Semantic search is the technology that lets you type “cozy cottage with mountain views” and find properties described as “charming bungalow with scenic vistas” — even though the exact words don’t match. Understanding how it works helps you use it more effectively.


Traditional search engines look for exact word matches. If you search for “large backyard,” you only get listings that contain those exact words. Properties described with synonyms like “spacious yard,” “expansive lot,” or “oversized outdoor area” won’t appear — even though they’re exactly what you’re looking for.

This forces you to:

  • Run multiple searches with different phrasings
  • Learn the specific vocabulary each listing agent uses
  • Miss great properties because they weren’t described with your exact words

Example scenario:

You search for: “modern kitchen” Missed listings: “contemporary kitchen,” “updated appliances,” “recently renovated,” “chef’s kitchen,” “gourmet kitchen”
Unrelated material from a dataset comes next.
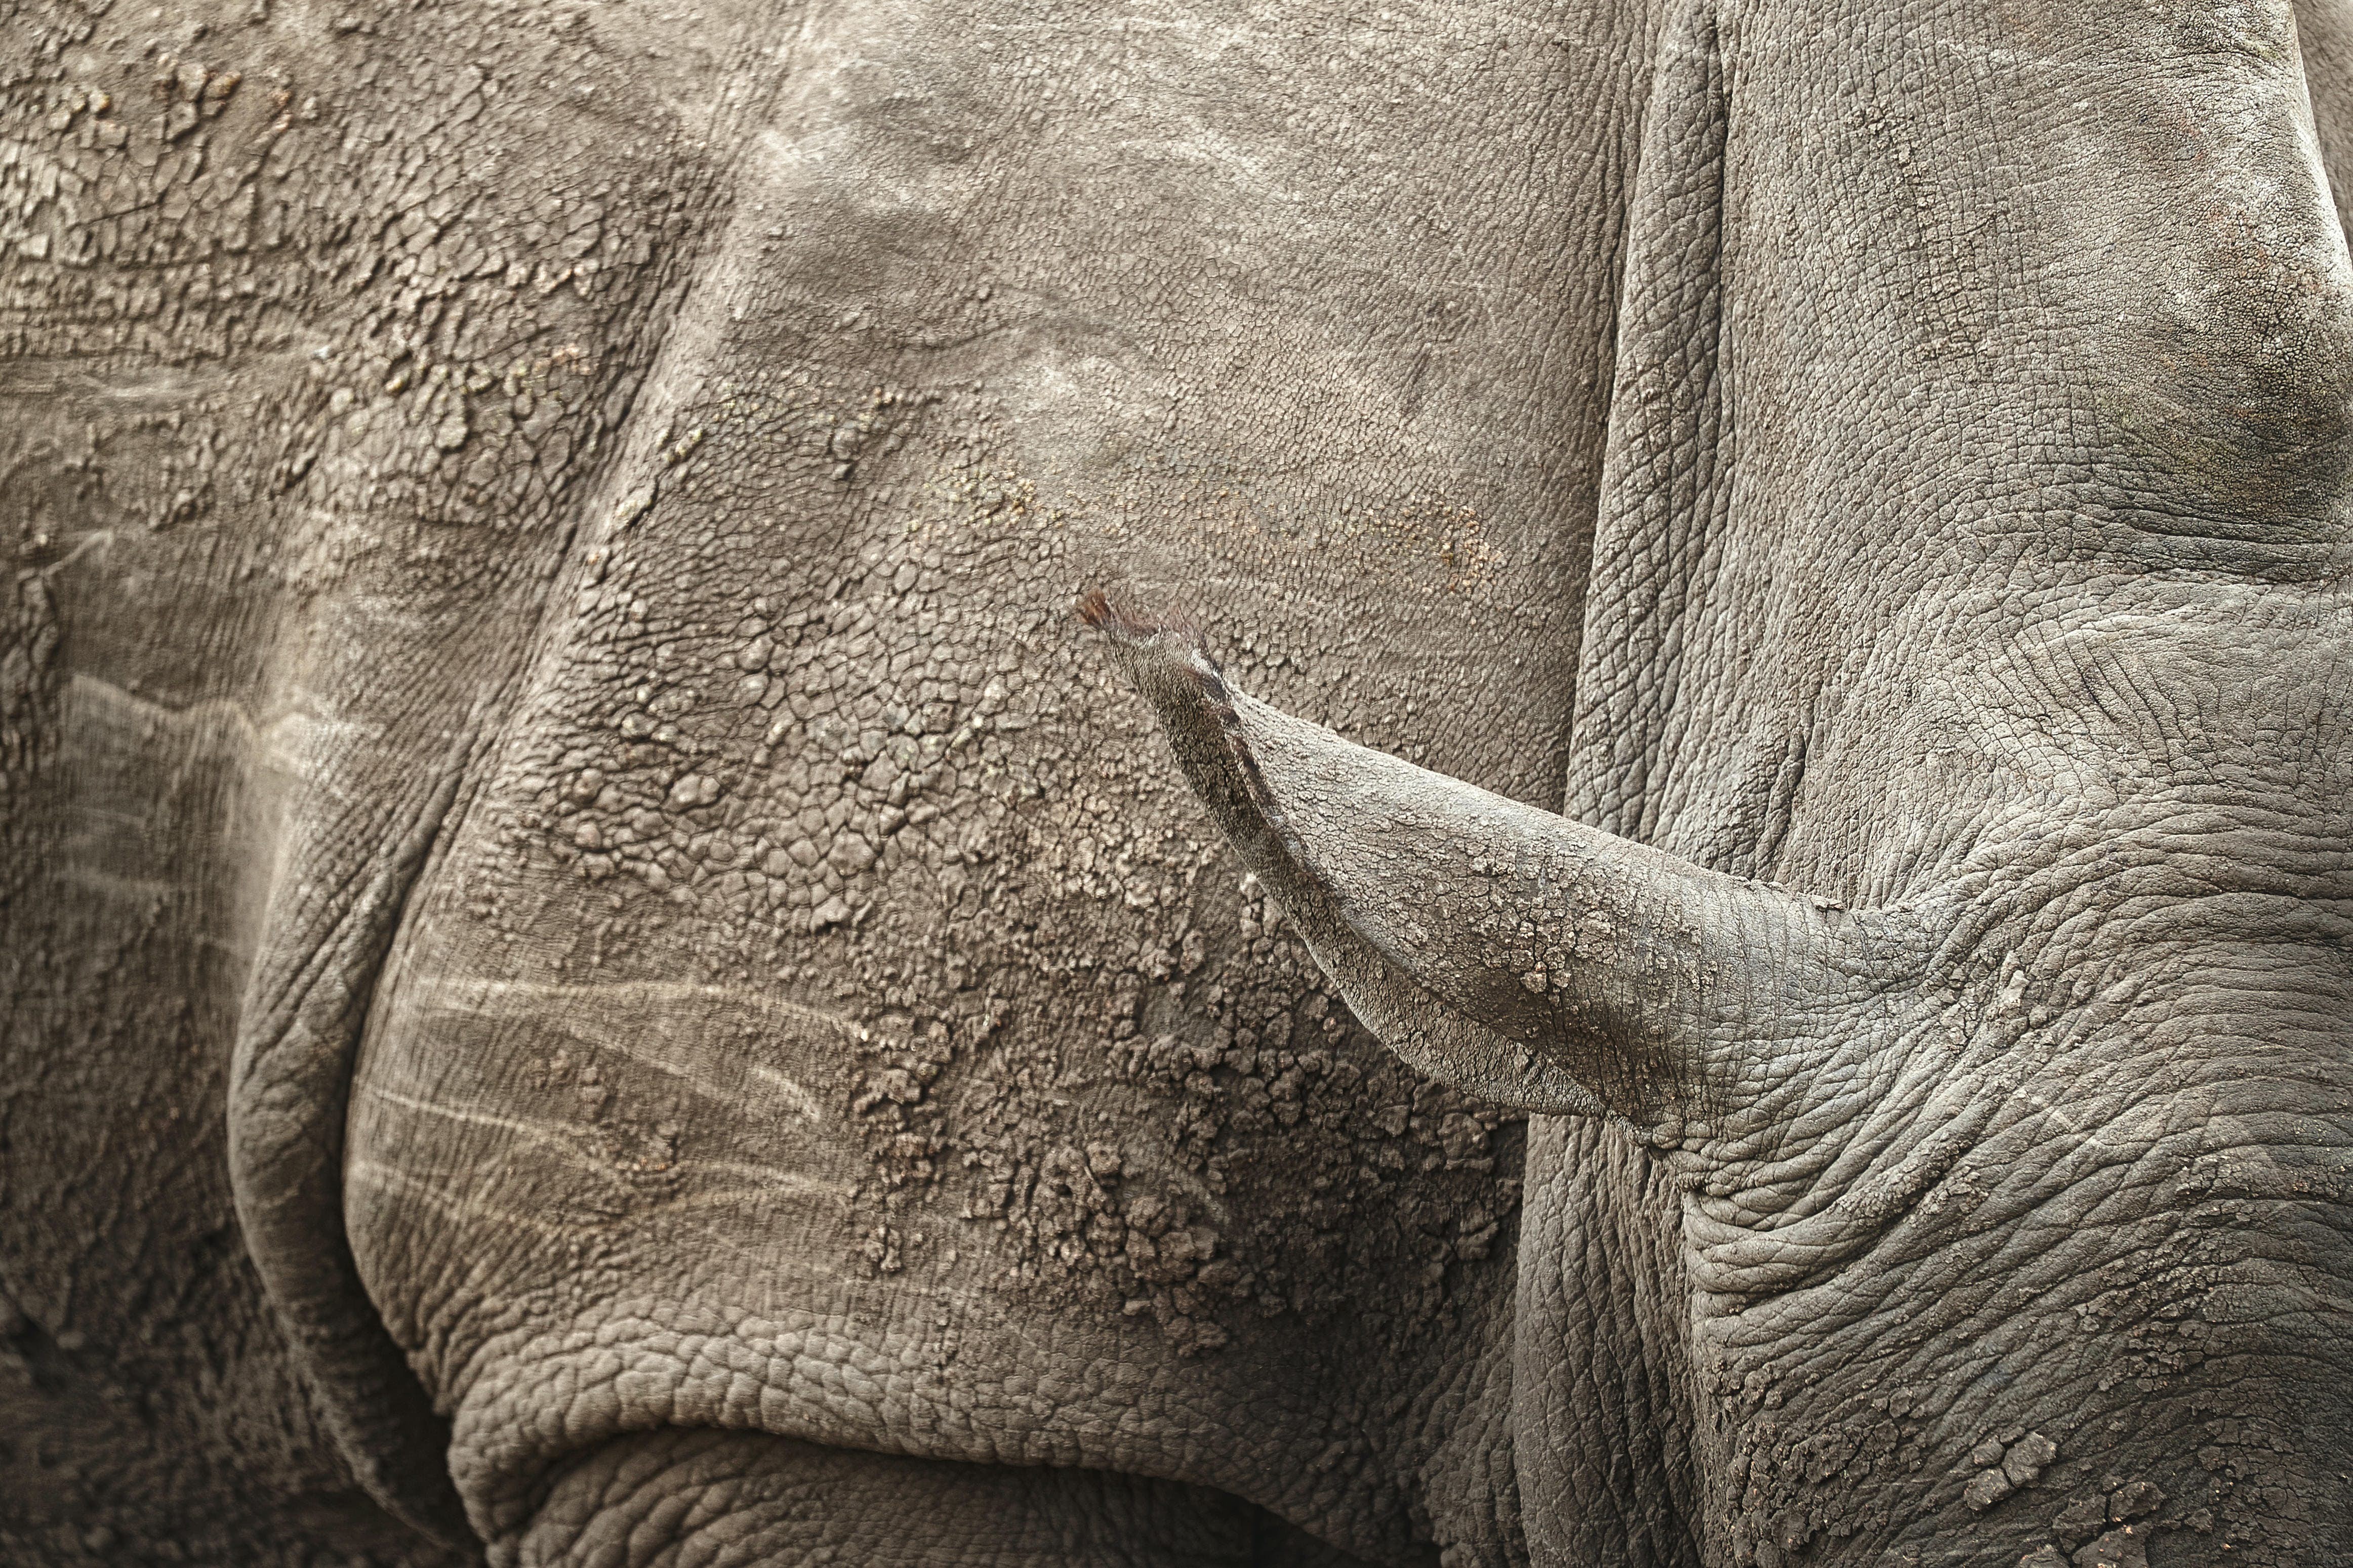 Come i bracconieri di rinoceronti hanno approfittato della pandemia e come puoi aiutarli a fermarli

You’d need to run six different searches to find all relevant properties!


Semantic search uses vector embeddings — a technique that converts text into mathematical representations that capture meaning, not just words.

Think of embeddings as coordinates in “meaning space.” Words and phrases with similar meanings are placed close together, even if they use different words:

"large backyard" → [0.21, 0.89, 0.34, ...] ← Close together in space
"spacious yard" → [0.23, 0.87, 0.36, ...] ← Similar coordinates
"expansive lot" → [0.19, 0.91, 0.32, ...] ← Nearby position
"tiny closet" → [0.81, 0.12, 0.73, ...] ← Far away (opposite meaning)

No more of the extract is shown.